Exercise 2: Take your REINFORCE agent and add the learned value baseline (turn it into REINFORCEWithBaseline). Train both versions on CartPole-v1 under the same seeds and plot their reward curves together. Quantify the improvement: roughly how many episodes does each take to first reach an average reward of 195, and how does the wobble of the two curves compare? Tie your answer back to why subtracting V(s) reduces variance without biasing the gradient.

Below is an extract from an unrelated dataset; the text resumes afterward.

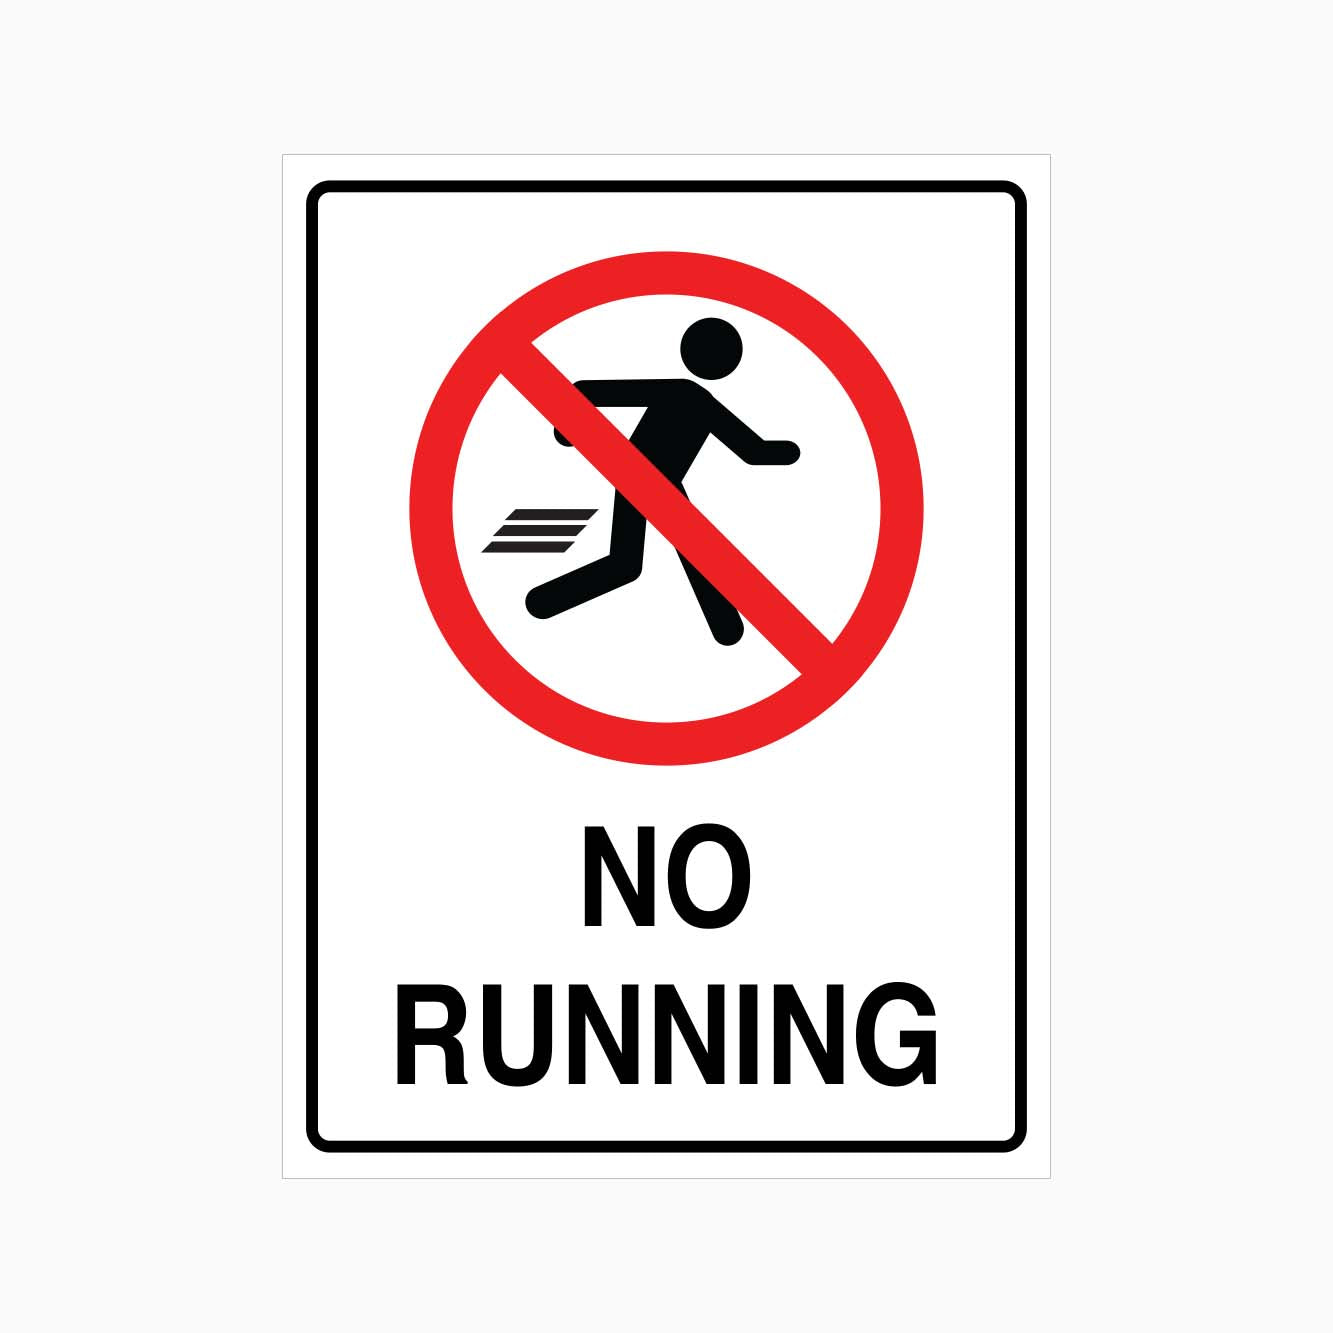 NO RUNNING SIGN - GET SIGNS

Exercise 3: Add an entropy bonus to the ActorCritic agent. Compute the entropy of the action distribution at each step (dist.entropy()) and add -beta * entropy to the loss (so the optimiser is rewarded for keeping the policy uncertain), with a small beta like 0.01. Train CartPole with beta = 0 and beta = 0.01 and compare. Explain why nudging the policy toward higher entropy discourages it from collapsing prematurely onto one action -- and connect this to the exploration-exploitation tension we first met with the bandits in episode #103.